Stored records:
[Start of section]
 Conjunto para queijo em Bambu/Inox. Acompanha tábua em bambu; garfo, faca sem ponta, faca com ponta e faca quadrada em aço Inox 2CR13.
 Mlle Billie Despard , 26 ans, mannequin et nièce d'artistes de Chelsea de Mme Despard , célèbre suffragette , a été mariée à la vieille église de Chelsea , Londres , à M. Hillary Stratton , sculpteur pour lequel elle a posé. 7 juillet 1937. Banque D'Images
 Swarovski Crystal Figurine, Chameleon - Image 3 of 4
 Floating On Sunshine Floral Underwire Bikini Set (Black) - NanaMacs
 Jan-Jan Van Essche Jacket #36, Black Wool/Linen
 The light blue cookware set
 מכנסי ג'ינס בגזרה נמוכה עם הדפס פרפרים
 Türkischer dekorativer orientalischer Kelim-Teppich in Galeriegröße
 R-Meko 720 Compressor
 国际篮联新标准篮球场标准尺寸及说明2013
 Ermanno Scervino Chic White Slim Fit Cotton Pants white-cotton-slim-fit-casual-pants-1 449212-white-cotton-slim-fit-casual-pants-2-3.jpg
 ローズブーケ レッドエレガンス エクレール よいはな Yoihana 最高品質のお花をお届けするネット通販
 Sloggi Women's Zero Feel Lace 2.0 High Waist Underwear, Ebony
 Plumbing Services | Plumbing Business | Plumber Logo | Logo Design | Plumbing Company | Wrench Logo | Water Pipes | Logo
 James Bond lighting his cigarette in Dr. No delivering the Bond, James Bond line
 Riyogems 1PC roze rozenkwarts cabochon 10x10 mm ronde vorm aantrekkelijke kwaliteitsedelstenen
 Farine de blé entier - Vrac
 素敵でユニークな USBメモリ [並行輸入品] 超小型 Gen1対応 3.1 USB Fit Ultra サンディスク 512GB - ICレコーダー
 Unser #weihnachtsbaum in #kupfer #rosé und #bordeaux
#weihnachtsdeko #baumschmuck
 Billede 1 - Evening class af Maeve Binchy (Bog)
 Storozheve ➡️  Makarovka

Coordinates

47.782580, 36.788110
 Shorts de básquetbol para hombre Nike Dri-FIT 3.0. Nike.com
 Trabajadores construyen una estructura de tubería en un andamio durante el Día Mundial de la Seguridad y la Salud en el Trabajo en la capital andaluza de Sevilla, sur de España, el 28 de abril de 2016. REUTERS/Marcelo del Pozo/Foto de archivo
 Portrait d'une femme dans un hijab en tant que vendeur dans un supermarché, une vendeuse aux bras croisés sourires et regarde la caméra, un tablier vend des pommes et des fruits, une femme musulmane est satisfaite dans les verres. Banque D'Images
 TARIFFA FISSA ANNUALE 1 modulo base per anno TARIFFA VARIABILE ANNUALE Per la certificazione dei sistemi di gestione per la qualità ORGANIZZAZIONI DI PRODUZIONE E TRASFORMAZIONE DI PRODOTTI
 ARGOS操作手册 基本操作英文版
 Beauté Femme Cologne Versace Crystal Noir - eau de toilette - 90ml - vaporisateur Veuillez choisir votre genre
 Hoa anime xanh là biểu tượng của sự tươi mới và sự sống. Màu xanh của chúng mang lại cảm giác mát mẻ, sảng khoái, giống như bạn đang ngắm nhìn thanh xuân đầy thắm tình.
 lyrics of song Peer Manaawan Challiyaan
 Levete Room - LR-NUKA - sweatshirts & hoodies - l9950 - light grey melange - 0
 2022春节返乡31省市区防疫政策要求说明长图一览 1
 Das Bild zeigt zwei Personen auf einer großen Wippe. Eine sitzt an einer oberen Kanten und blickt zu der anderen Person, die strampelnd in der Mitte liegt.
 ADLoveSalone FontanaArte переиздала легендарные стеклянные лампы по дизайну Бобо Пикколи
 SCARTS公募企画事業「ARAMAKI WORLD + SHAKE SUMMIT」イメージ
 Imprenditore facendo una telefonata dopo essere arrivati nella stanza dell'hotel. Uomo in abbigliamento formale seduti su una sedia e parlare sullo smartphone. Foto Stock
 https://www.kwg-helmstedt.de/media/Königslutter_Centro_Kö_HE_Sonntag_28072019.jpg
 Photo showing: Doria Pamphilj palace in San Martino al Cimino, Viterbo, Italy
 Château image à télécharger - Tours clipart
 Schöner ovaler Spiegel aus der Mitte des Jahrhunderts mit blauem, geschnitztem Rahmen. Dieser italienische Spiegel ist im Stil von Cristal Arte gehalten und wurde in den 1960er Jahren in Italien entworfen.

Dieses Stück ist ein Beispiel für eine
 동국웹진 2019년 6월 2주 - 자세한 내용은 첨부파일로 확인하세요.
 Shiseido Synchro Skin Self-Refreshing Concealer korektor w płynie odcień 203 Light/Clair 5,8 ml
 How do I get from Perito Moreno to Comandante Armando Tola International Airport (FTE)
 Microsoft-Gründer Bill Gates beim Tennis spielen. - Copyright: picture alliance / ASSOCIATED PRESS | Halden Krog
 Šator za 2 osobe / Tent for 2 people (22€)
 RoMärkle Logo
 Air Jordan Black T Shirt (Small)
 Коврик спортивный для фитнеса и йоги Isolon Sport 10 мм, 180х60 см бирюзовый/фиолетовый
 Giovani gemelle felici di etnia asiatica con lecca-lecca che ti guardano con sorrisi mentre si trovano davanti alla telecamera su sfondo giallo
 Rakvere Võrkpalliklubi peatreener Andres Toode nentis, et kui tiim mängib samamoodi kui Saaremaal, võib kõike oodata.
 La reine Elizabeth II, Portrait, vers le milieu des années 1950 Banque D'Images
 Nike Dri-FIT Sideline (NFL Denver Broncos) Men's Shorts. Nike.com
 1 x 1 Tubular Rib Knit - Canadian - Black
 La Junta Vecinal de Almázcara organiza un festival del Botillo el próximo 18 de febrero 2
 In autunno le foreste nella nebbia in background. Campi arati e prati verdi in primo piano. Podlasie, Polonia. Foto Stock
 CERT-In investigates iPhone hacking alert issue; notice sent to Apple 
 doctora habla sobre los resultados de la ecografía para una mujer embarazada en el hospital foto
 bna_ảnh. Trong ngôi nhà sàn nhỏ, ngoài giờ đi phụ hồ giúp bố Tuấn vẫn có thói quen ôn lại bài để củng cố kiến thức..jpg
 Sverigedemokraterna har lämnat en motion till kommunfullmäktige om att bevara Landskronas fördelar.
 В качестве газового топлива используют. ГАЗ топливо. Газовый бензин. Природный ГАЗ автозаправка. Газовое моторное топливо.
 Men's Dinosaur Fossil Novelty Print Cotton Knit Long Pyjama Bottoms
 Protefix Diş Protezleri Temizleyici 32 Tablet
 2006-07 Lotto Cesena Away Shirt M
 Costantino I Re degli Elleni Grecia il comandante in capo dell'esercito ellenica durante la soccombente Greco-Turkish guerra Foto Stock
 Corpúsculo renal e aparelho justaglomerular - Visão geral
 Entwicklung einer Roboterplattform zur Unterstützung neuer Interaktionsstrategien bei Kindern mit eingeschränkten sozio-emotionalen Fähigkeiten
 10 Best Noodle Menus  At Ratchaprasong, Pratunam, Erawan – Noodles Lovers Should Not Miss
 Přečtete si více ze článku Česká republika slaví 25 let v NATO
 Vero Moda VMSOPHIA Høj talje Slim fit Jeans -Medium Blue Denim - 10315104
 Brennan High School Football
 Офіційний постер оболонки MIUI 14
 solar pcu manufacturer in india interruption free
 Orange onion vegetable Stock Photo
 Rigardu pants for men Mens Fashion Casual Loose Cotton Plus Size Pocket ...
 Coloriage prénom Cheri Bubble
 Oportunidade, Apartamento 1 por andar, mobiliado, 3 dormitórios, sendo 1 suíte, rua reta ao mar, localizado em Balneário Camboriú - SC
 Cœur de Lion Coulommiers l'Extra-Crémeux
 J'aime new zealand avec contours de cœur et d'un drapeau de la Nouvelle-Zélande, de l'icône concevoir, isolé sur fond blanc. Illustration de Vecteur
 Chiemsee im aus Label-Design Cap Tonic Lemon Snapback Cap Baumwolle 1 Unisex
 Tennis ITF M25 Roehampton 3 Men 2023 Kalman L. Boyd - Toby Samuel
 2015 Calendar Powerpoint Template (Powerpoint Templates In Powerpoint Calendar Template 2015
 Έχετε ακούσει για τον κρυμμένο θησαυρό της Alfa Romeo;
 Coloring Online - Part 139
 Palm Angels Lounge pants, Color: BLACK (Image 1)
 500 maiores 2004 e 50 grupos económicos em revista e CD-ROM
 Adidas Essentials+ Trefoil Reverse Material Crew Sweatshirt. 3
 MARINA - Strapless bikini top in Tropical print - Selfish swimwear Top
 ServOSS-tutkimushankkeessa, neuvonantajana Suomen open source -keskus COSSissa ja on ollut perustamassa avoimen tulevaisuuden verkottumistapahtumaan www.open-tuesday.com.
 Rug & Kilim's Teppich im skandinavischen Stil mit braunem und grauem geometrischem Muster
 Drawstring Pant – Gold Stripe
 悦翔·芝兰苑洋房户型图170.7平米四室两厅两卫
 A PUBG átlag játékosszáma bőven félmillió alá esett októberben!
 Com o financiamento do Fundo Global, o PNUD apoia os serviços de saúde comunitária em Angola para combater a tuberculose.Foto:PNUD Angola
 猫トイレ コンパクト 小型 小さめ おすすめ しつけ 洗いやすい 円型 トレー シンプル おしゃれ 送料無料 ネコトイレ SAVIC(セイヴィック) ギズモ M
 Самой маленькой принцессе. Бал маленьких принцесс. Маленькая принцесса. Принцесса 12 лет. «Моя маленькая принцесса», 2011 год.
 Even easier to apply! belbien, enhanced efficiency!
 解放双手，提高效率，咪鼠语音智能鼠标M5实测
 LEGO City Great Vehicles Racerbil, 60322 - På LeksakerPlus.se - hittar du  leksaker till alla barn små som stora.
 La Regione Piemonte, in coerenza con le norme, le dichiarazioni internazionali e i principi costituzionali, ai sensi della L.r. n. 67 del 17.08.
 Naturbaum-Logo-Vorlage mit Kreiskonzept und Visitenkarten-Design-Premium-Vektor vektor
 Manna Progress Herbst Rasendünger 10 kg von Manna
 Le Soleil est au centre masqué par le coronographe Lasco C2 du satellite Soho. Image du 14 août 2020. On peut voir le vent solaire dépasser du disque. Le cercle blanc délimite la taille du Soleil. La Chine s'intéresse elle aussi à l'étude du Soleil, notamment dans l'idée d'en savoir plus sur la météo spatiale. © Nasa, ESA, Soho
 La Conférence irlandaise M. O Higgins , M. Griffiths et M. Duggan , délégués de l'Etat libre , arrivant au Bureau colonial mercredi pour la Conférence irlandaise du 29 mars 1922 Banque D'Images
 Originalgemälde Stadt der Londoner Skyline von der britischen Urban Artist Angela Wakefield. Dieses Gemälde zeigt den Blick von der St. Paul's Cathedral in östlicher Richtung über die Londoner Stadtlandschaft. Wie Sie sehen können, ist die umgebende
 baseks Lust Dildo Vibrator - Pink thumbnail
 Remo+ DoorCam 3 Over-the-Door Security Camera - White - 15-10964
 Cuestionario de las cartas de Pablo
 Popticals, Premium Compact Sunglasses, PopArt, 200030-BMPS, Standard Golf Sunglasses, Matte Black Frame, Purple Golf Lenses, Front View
[End of section]
#### PROBLEM:
What is needed is an exact copy of the entries above, from the first line through the line holding "Swarovski Crystal Figurine, Chameleon", with both of those lines kept; please give nothing else.

#### WRITTEN RESPONSE:
 Conjunto para queijo em Bambu/Inox. Acompanha tábua em bambu; garfo, faca sem ponta, faca com ponta e faca quadrada em aço Inox 2CR13.
 Mlle Billie Despard , 26 ans, mannequin et nièce d'artistes de Chelsea de Mme Despard , célèbre suffragette , a été mariée à la vieille église de Chelsea , Londres , à M. Hillary Stratton , sculpteur pour lequel elle a posé. 7 juillet 1937. Banque D'Images
 Swarovski Crystal Figurine, Chameleon - Image 3 of 4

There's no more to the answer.